Evolutionary dynamics in cancer therapy

Affiliations

Evolutionary dynamics in cancer therapy

Jessica J Cunningham et al. Mol Pharm. .

Abstract

Disseminated cancer remains a largely fatal disease. While systemic therapy can have some initial success, it is rarely durable. Typically, populations of cancer cells resistant to therapy emerge quickly requiring progressively less effective second, third, and fourth line therapies until the patient succumbs. Cancer cells possess a large repertoire of heritable phenotypic strategies that can be used to confer resistance to one or more therapeutic drugs. In addition, environmental factors such as ischemia and hypoxia can reduce therapeutic effects by limiting drug delivery or toxicity. Here, we use a fitness generating function (G-function) approach to model tumor response with respect to evolutionary adaptation and microenvironmental conditions in response to various therapeutic strategies. We examine tumor cell death and the evolution of resistance in single and two drug therapies as well as alternative "evolutionary" approaches. We demonstrate that even monotherapy would be highly successful in the absence of tumor evolution or environmentally mediated resistance. However, environmental and evolutionary factors dramatically reduce the effectiveness of therapy. Two-drug therapy in which adaptation requires two different phenotypic changes will maximally reduce tumor size and delay onset of resistance, but actual eradication of the tumor population is rare.
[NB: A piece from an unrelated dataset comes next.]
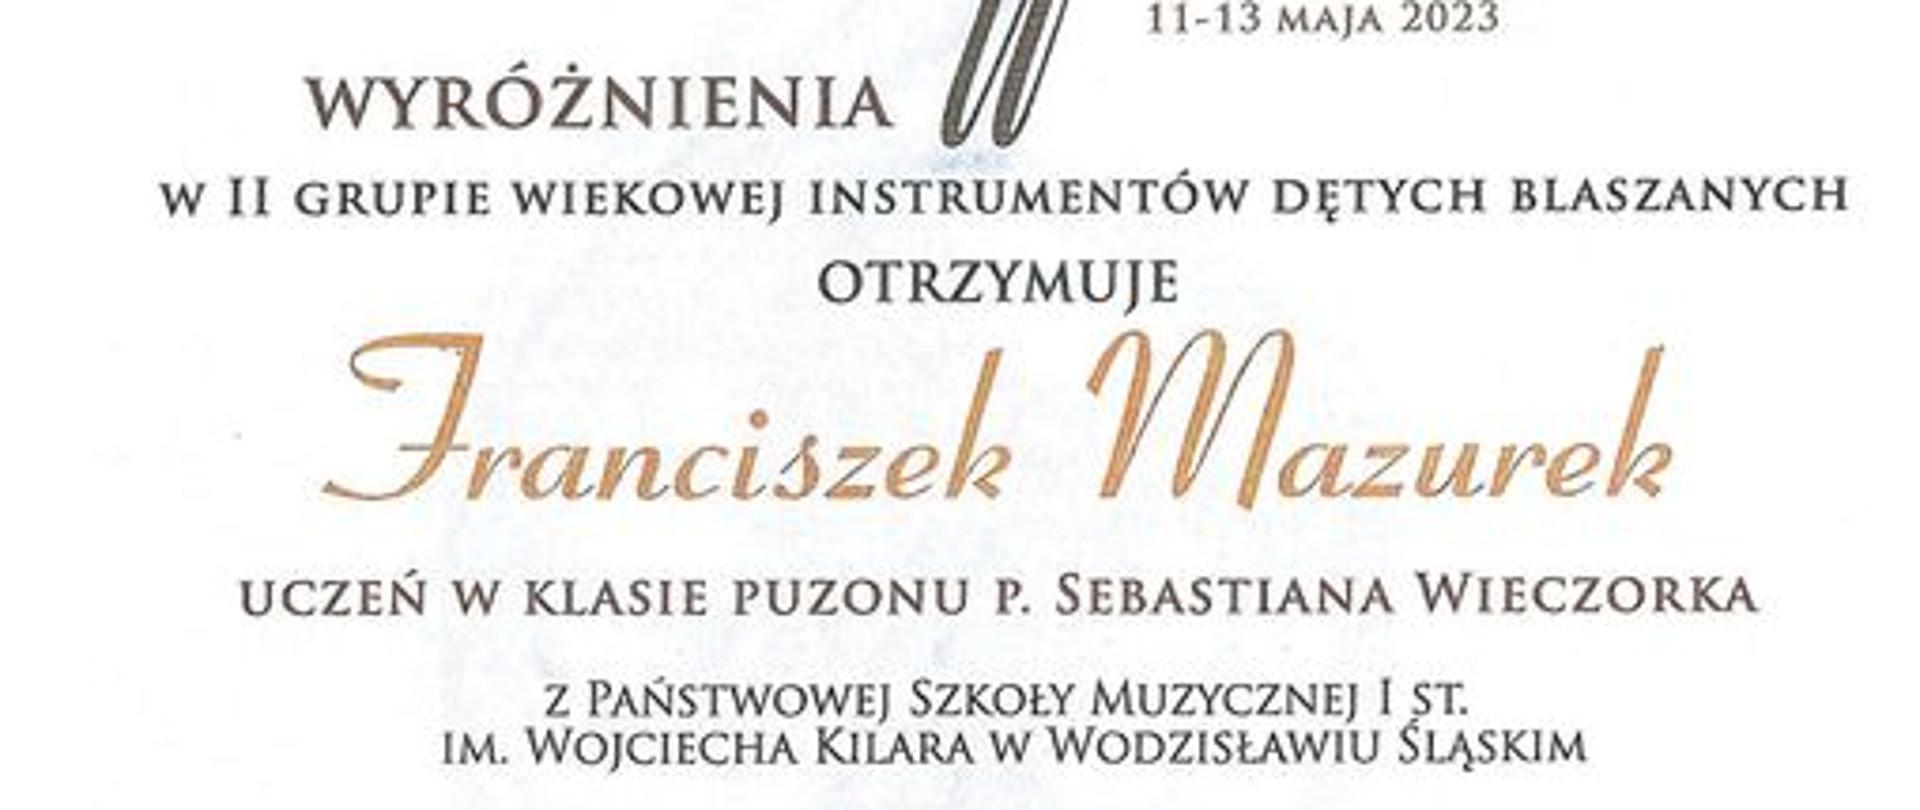 Dyplom z napisem "Dyplom wyróżnienia w II grupie wiekowej instrumentów dętych blaszanych otrzymuje Franciszek Mazurek Uczeń w klasie puzonu p. Sebastiana Wieczorka"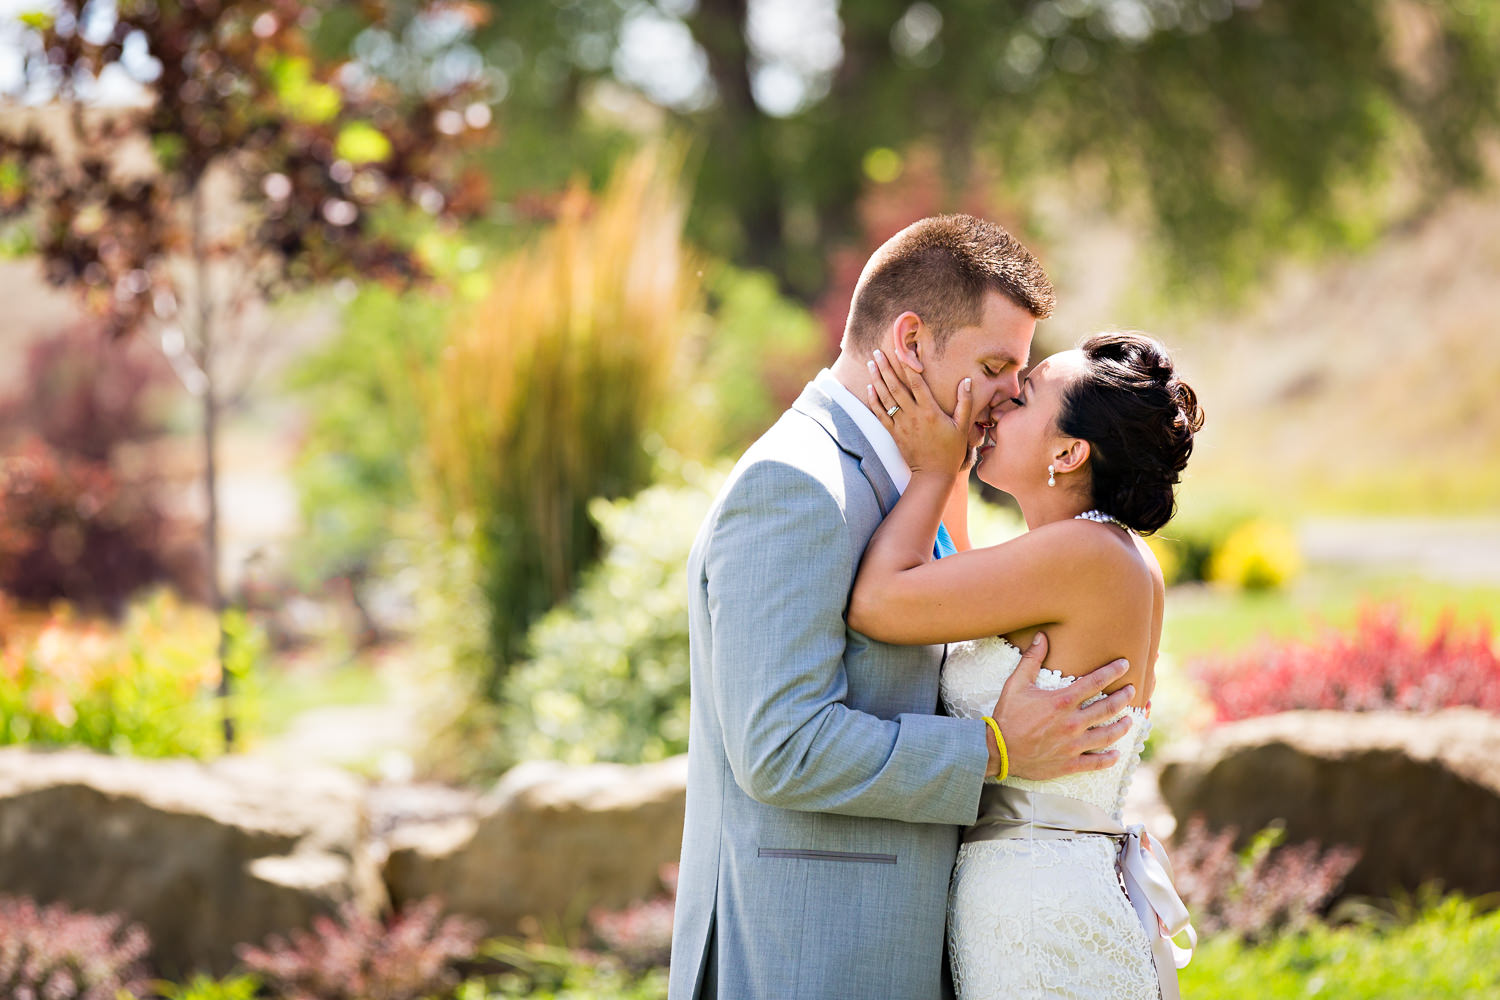 billings-montana-chanceys-wedding-first-look-bride-groom-kiss.jpg

We demonstrate that multiagent therapies in which the first drug both achieves tumor cell toxicity and drives phenotypic adaptation that renders the cell more vulnerable to a second therapy can be highly successful in maintaining durable tumor control. Examples of clinical trials that exploit these results are presented. We conclude that the development of more lethal (cytotoxic) drugs is not likely to fundamentally change the outcome of therapy. Instead, new approaches that incorporate evolutionary strategies into target and drug selection are needed.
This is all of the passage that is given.